Additional fundamentals include debt ratios, profitability ratios and valuation ratios like the P/E (price to earnings) ratio. A higher P/E ratio can signal a growth stock or an expensive one. If revenues and EPS are growing then it’s the first. A lower P/E ratio is either showing a lack of growth or a stock that is neglected by investors.
Technicals involve trading patterns like triangles, wedges, head and shoulders patterns and more (click here for the top patterns to trade). Support and resistance levels and volume are also key technicals to watch in stocks, especially round number levels that play a key psychological role for investors. Lastly, there is a huge variety of indicators like Ichimoku (click here for the Ichimoku strategy), moving averages and more.
Below is an example of support and resistance levels on Apple stock. Price often respects these levels and then it passes through, creating new ones that in turn are respected in future price swings.
Combining sentiment, fundamentals and technicals
The critical factor in selecting stocks for trading is how the investor combines all these factor categories into a strategy, depending on the preferred investment period. Technicals and fundamentals apply to day trading and long term buy and hold while sentiment is considered more short term.
Here is a hypothetical trading example combining all factors in the stock of Nike Inc.
Before earning results, the sentiment has been positive for Nike as analysts expected strong EPS and revenue results for fiscal Q3 2021. Moreover, the two previous earnings results had beaten analysts’ estimates both on EPS and revenues. So the sentiment has been overall positive.
On the technical side of things, the stock price was near all time highs although price failed to go through multiple times.
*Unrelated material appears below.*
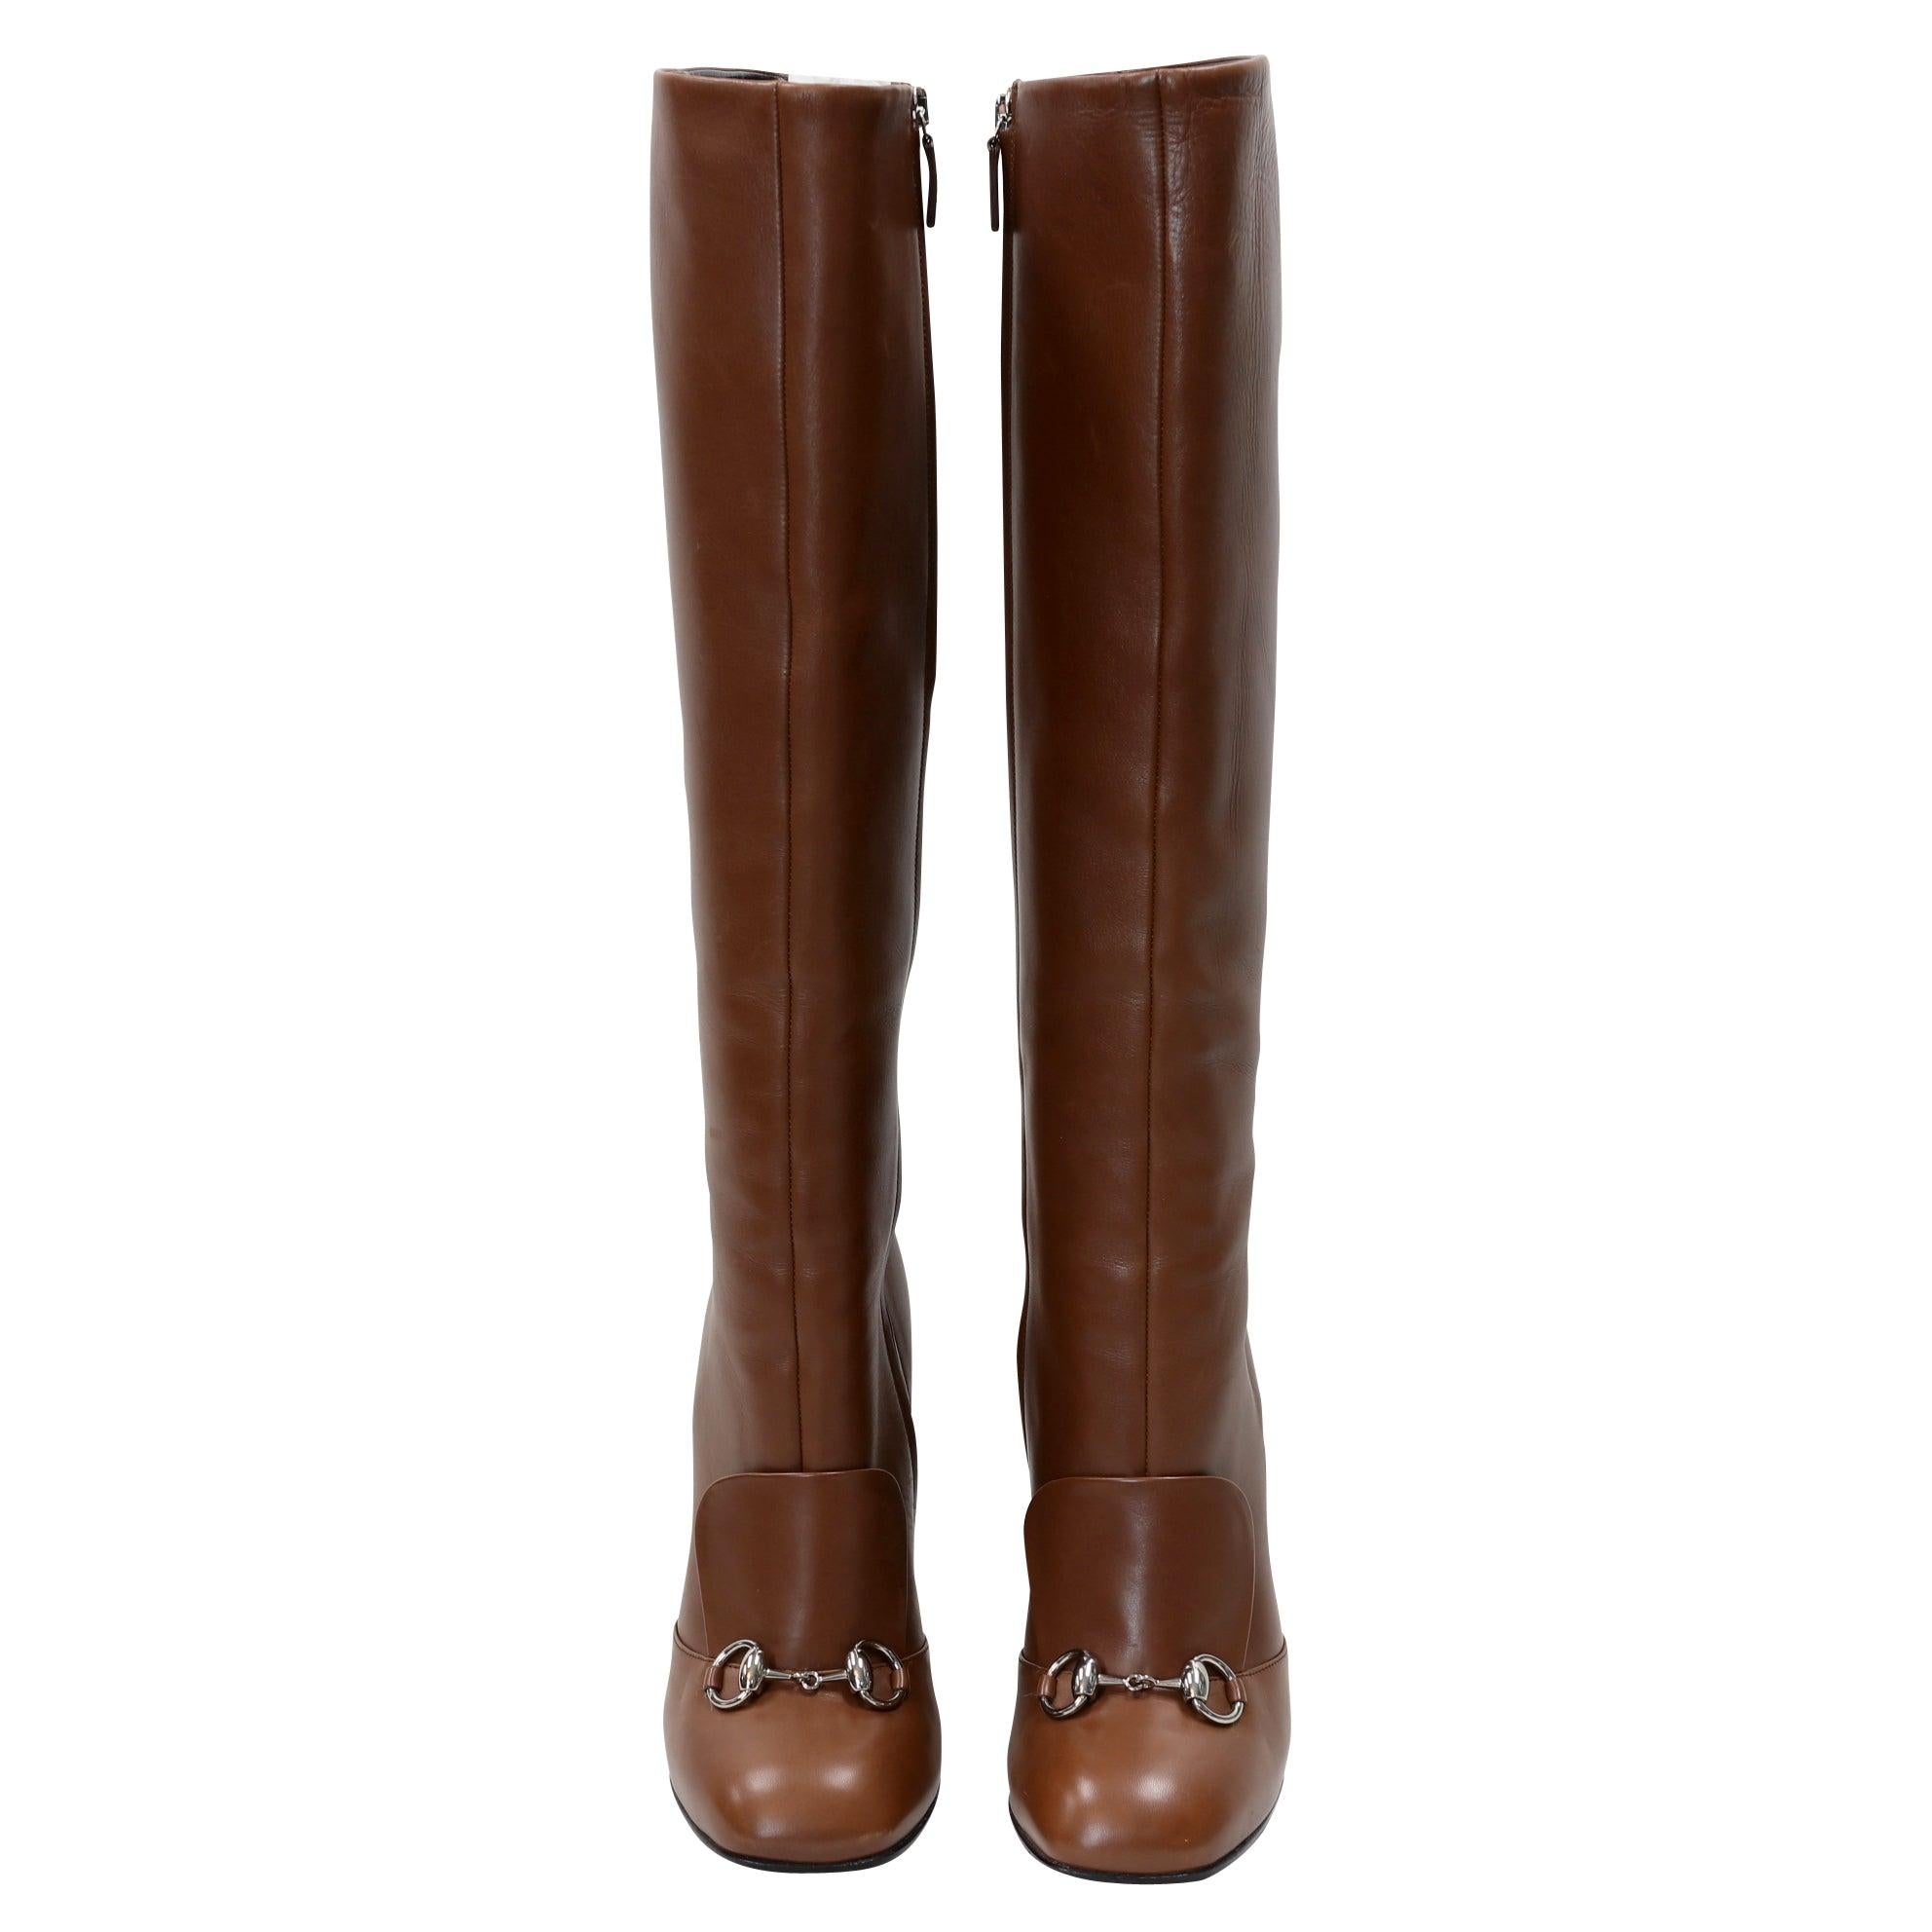 These Gucci boots have a vintage-inspired look. Made from honey brown smooth leather, these boots feature a silver tone horsebit at the vamp with a modern flap detail and a block heel. Leather lined uppers make for a comfortable fit. These boots are

So it seemed only fit that if EPS was a smash hit as analyst expected, this could be the much needed catalyst to push the price above this resistance barrier and possibly create a new bullish trend, making technical analysis neutral at the time.
In terms of fundamentals, the company posted strong financials in the previous two quarters and growth seemed to be intact despite a tough year due to the Covid-19 pandemic, making fundamental analysis bullish for the stock. So the missing part for everything to turn bullish and start a new bullish trend was a strong positive earnings surprise on EPS and revenues alike.
Fast forward to results, Nike did post strong EPS results but missed revenue estimates due to the supply chain issues caused by the pandemic. This caused analysts and investors to re-adjust their growth estimates used in valuation models for Nike. As a result, fundamentals and the valuation for Nike stock changed instantly and the price needed to re-adjust by correcting lower, which it did shortly on the next day market open.
So for a successful stock pick for buying or even selling, sentiment analysis, technical analysis and fundamentals need to agree. This is critical for identifying stocks that have potential to move in large and persistent trends. It is extremely important for medium trend trading, whereas sentiment analysis and fundamentals overlap and technical analysis can be used to time an entry.
In Nike’s example before the earnings result, technical analysis showed a neutral situation and that price could go higher if earnings would have been a positive surprise or the trigger (catalyst). Fundamentals were already positive and strong and analysts were bullish causing sentiment to be bullish before earnings. But the earnings announcement proved sentiment wrong and caused fundamentals analysis to re-adjust to a more conservative basis as revenue estimates had to change according to reality. This in turn caused technical analysis to be interpreted as bearish (meaning resistance will hold once more) and price corrected sharply lower after all factors turned bearish.